その後、ロビーでしばらく待たされると、一人の年配の男性が近寄ってきて、「パワハラ受けたんだって?」と、人の出入りがあるロビーで、割と普通のボリュームで声をかけてきた。ここの警察は相談者のプライバシーとか考えないものか、と疑問に思った。 こちらとしては、結構な勇気を持って相談しているのだ。 年配の男性はロビーにあるテーブルと椅子を指差し、「ここに座って話を聞かせて」と言った。 いや、だから、みんないるし人の出入りも多いし。そんな中で被害相談をしなければならないのか、と。もっとセンシティブな内容の相談だったらどうするんだ、と。 いずれにしても、さすがにそれはないだろうと思ったので、「こんなに人が多くいるところでは話したくないので、個室はありませんか?」と言ったら、個室を用意してくれた。
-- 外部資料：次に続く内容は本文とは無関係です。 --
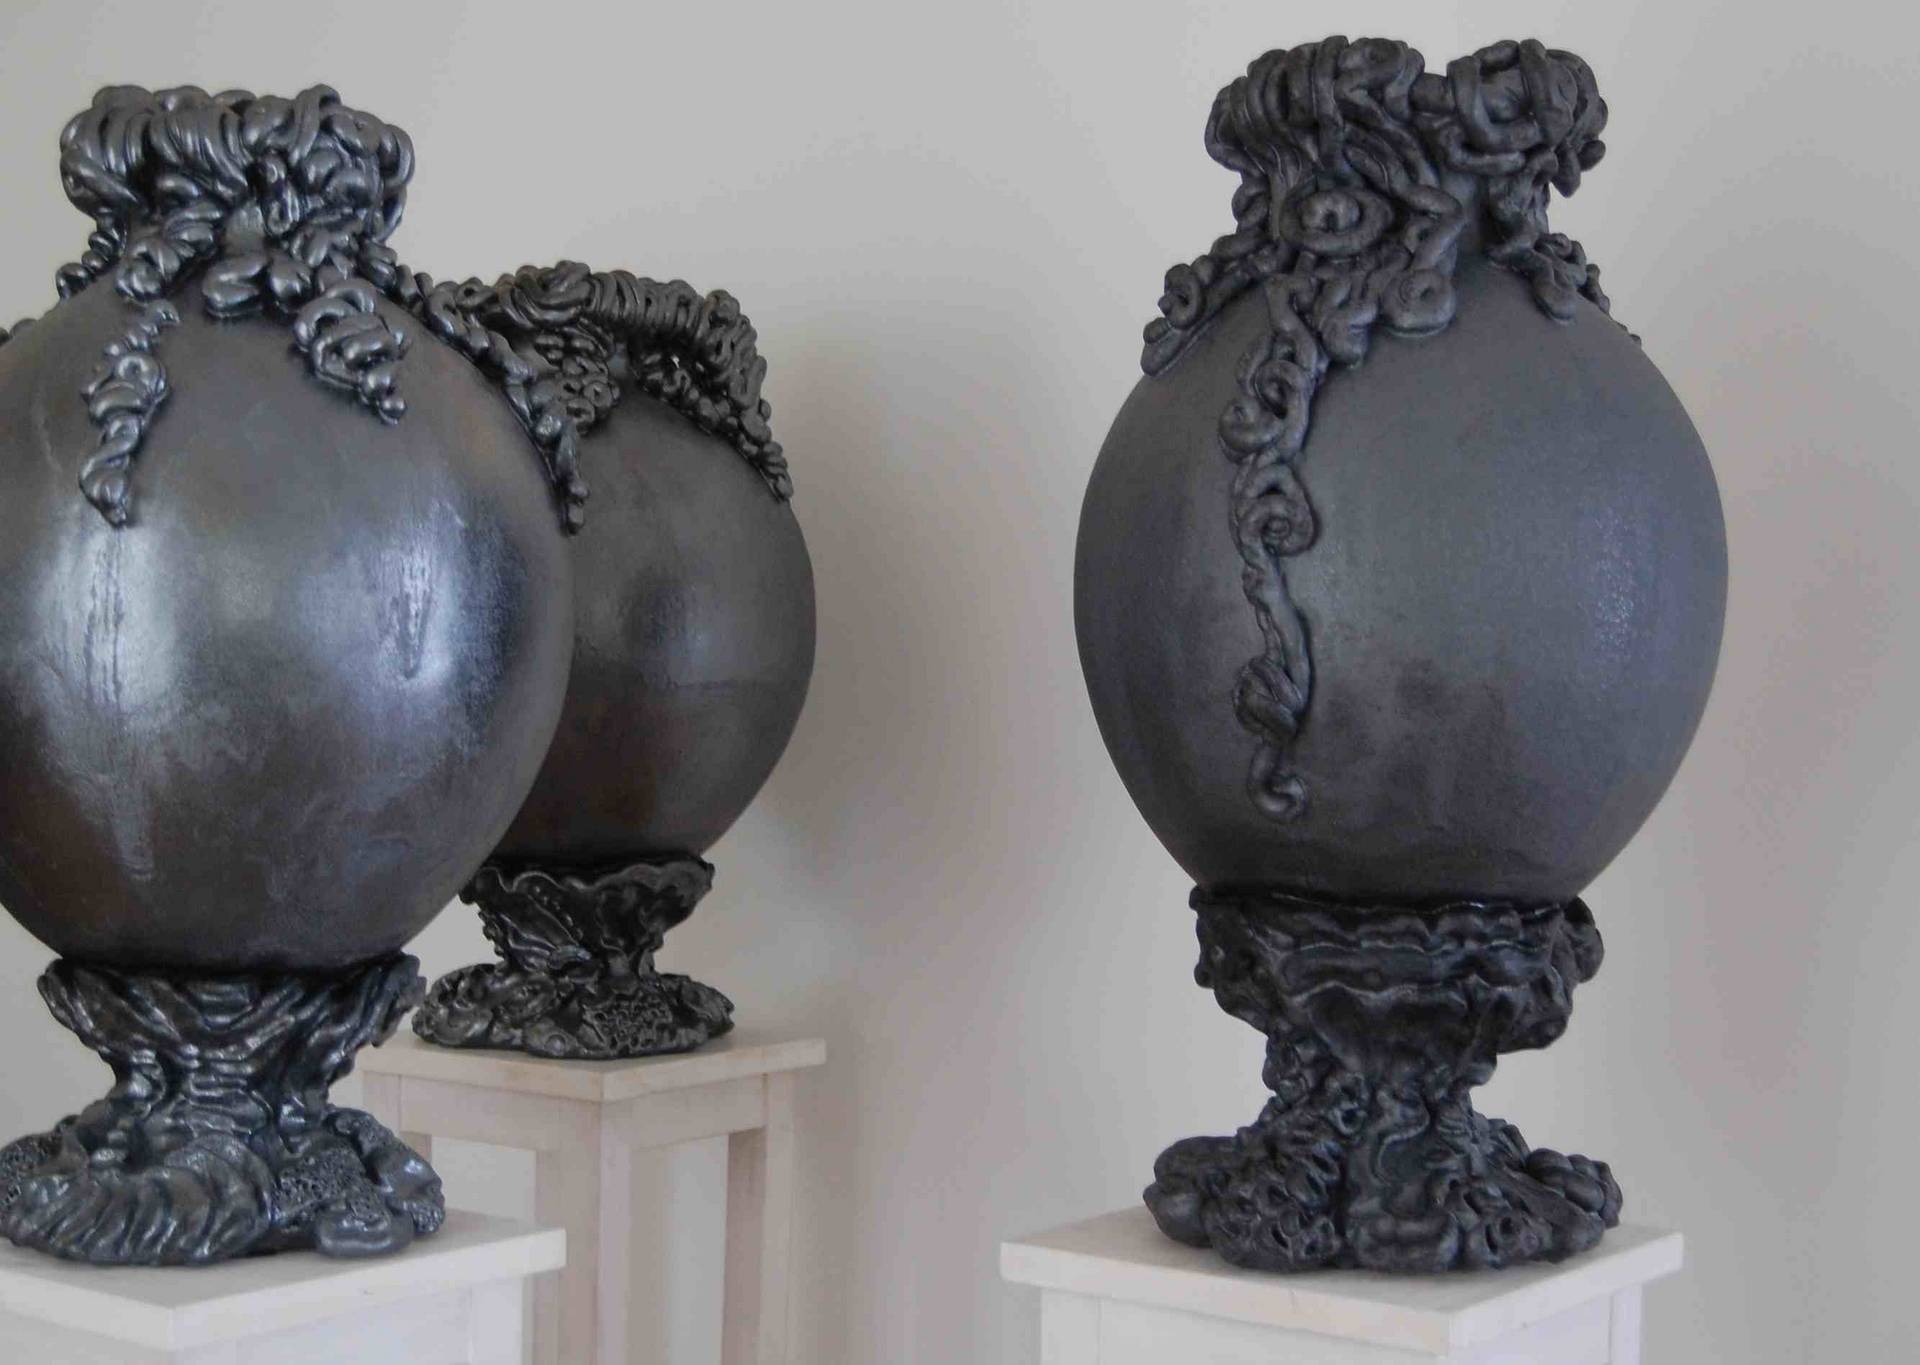 Gerold Tusch (geb. 1969), 3 Gorgonen-Vasen, 2008-2009, Keramik glasiert, Ankauf bei Galerie Steinek, Wien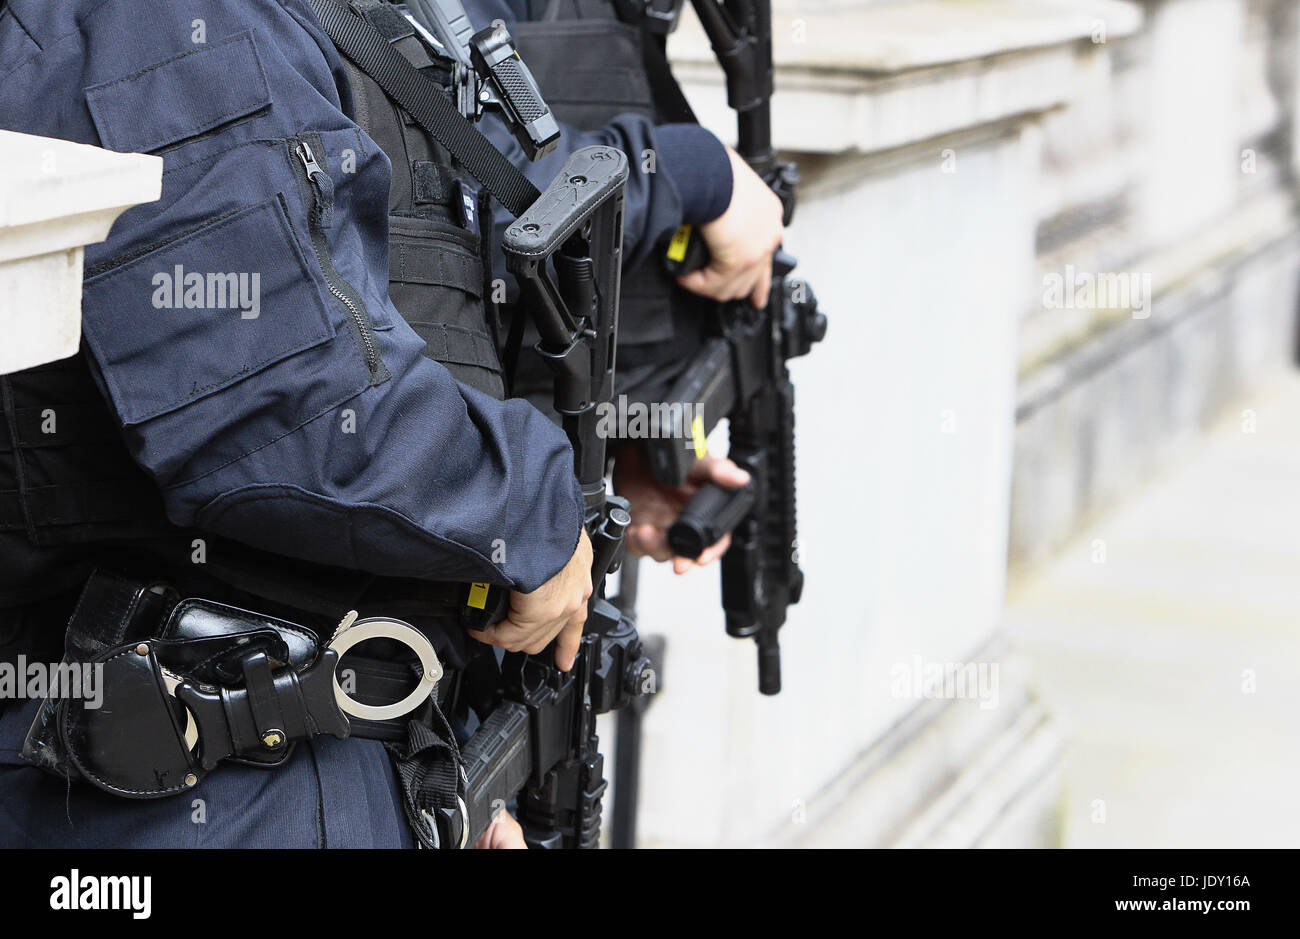 Legge & ordine, i funzionari di polizia che trasportano armi da fuoco. Foto Stock

年配の男性は警察官ではなく「相談員」という方だった。どうやら警察職員のようだが、警察官に話すつもりで来ていたので、いくら警察職員だろうと気持ち的にはちょっと複雑だった。 その後、個室で相談員にパワハラ被害の経緯を説明し、改めて警察官を呼んでもらい、さらに説明を重ねた。

◇警察相談で分かった現実:被害届提出の壁
ここで重要なのは、「パワハラ被害を受けたことで被害届を提出し、加害者を罰することができるか」という点だ。 警察官の方はとても親身に話を聞いてくれた。しかし、被害届の提出は現実的ではないと言われた。 理由は以下の通りである。
・暴力を振るわれた、またはそれにより怪我をした事実がないこと。
・恫喝や暴言があっても、脅迫のような具体性の高い内容でないと被害確認が難しいこと。
・客観的な証拠が不足していること(承認音声だけでは、文脈や状況の証明が難しい)。
警察官からは、「パワハラ被害について、社員や関係者に事実関係の確認をすることはできる」と言われた。ただし、当然私が警察に被害相談をしたということが全て公開される前提である。
つまり、「パワハラをした」と認めた音声があったとしても、実際にパワハラを行っている客観的な証拠(パワハラの具体的な内容や行為そのもの)がなかったり、暴力を受けた・怪我をした等の具体的な被害がない限り、警察に相談しても被害届を出すことは難しいということがわかったのだ。
もしこれを見ている人の中でパワハラ被害を受けている人がいたら、必ず証拠を取ってほしい。スマホの録音が一番簡単だと思う。
証拠を持っているだけで、「何かあったらこの証拠を出してやる」という気持ちにもなれるので、少し安心できる。
警察への相談で、私は現実の壁を知った。だが、それで終わりではない。ブラック企業での理不尽に耐え続ける必要は全くないのだ。理不尽に立ち向かうには、感情的になるのではなく、冷静な判断と、何より確かな「証拠」という最強の武器が必要だと痛感した。
諦めずに次なる一手、労働基準監督署への相談については、また別の機会に詳しく語ろう。